In this scenario the Japanese are trying to block an Australian advance. The Australians have decent morale at 8/8, a major upgrade, and outnumber the Japanese by over 50%. The Japanese, however, are hidden. Hidden scenarios are tough to run solitaire, but it’s important for the Japanese force. Victory points are awarded for steps and trail/village hexes under control.
The Japanese set up primarily in and around the village, with some flankers to the north. The Aussies come in from the west on a wide line. Most of the Japanese are located at range 1, and deliver devastating opfire. One Japanese position is not found, and the Australians pay for that failure. Despite large numbers, the advance against the Japanese is hindered by casualties and disruptions/demoralizations. The Japanese jump into a couple of assaults to try and take advantage of the roughed up Australians, but overall steps are running almost equal. The approximate one for one swap in steps is horrid for the Japanese with their smaller numbers.
But the shaken condition of the Australians begins to tell. Flanking forces are slowed to a crawl, while the Australian center is completely halted. Some flankers get around the Japanese and attempt to pick up some trail hexes, but Japanese troops that had fled earlier begin to recover, blocking the trail from the east while the Japanese hold to the west. The Aussies get some hexes, but not nearly enough to make up for the increasing losses.
Australian casualties are too many as the Japanese begin to score steps against shaken Aussie troops. The Japanese end up ahead on points both in casualties and trail hexes. With a final score of 37 to 16 the Japanese win a major victory.

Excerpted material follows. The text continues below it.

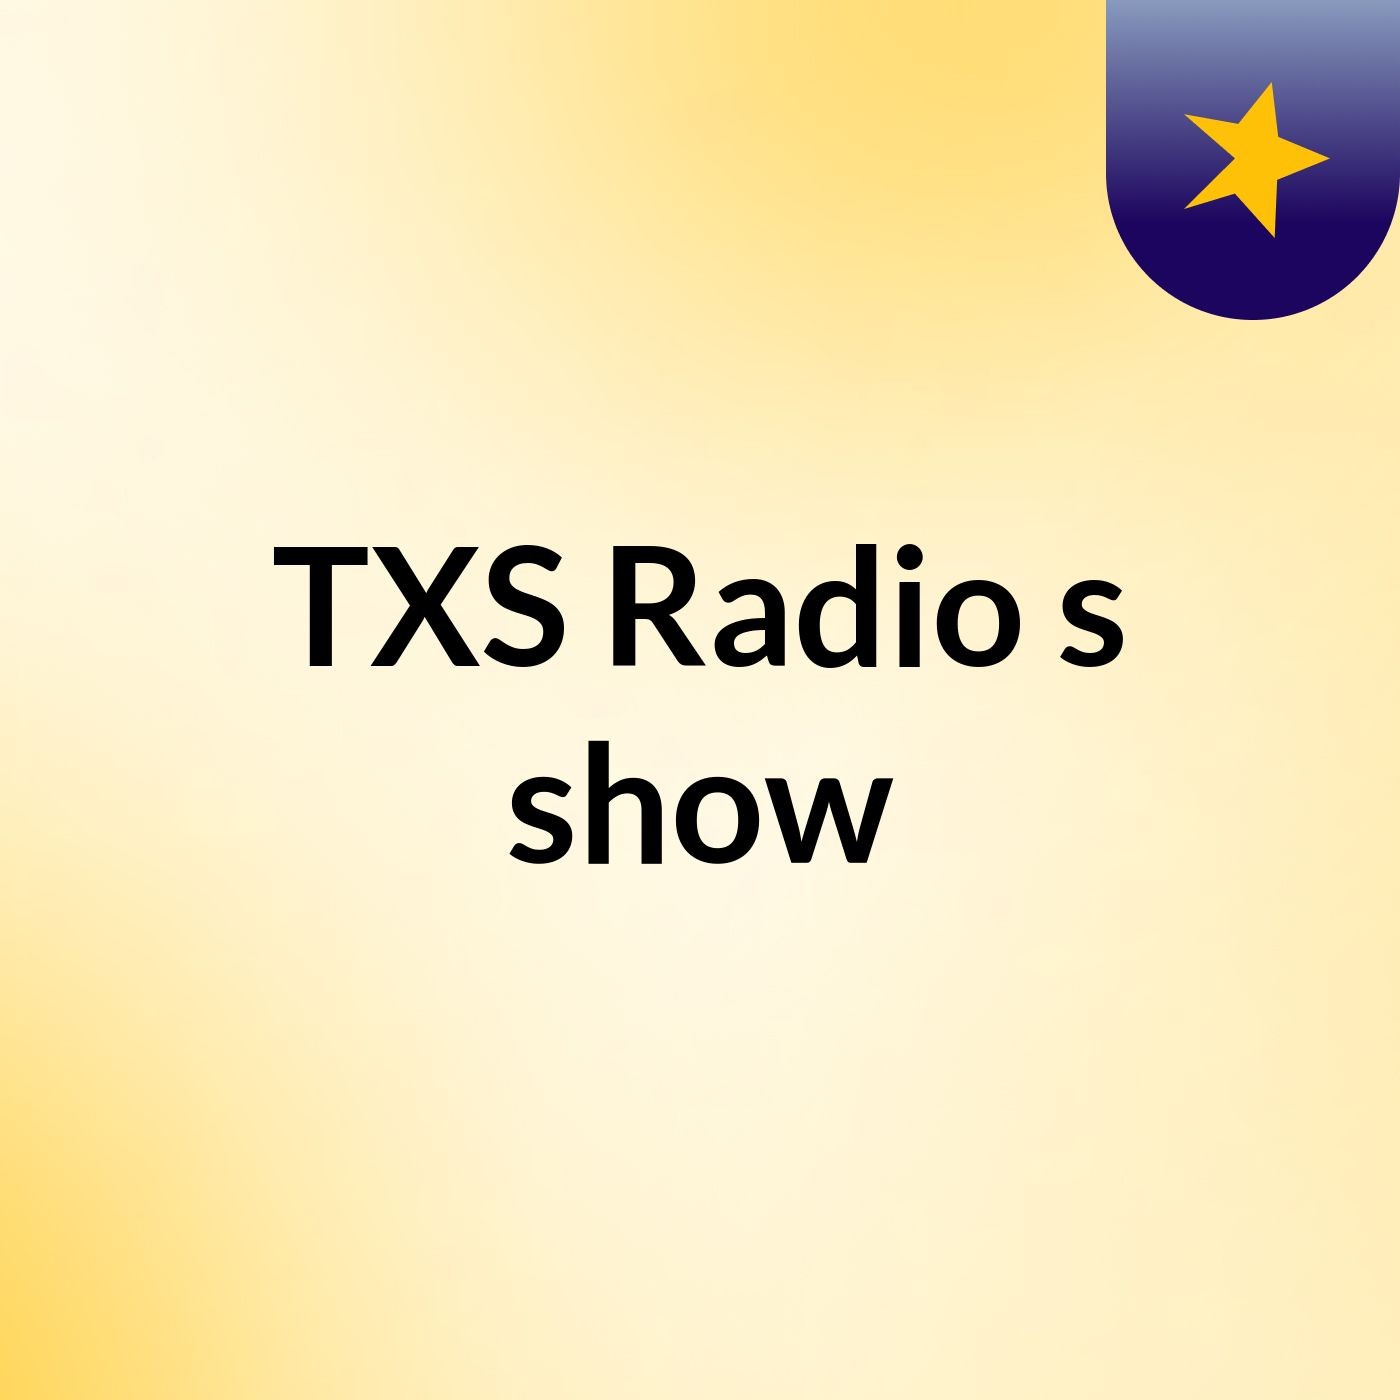 TXS Radio's show

I rated this one a 3. It was nice to finally have decent Australian morale, but the burden of attack against hidden Japanese troops was just too much. Japanese casualties petered off, while Aussie casualties continued to grow. The jungles slowed down Australian advances as thoroughly as the Japanese defenders. The beginning seemed challenging for both sides, but as the scenario wore on, the Australians struggled more than the Japanese. Decent scenario, but not great.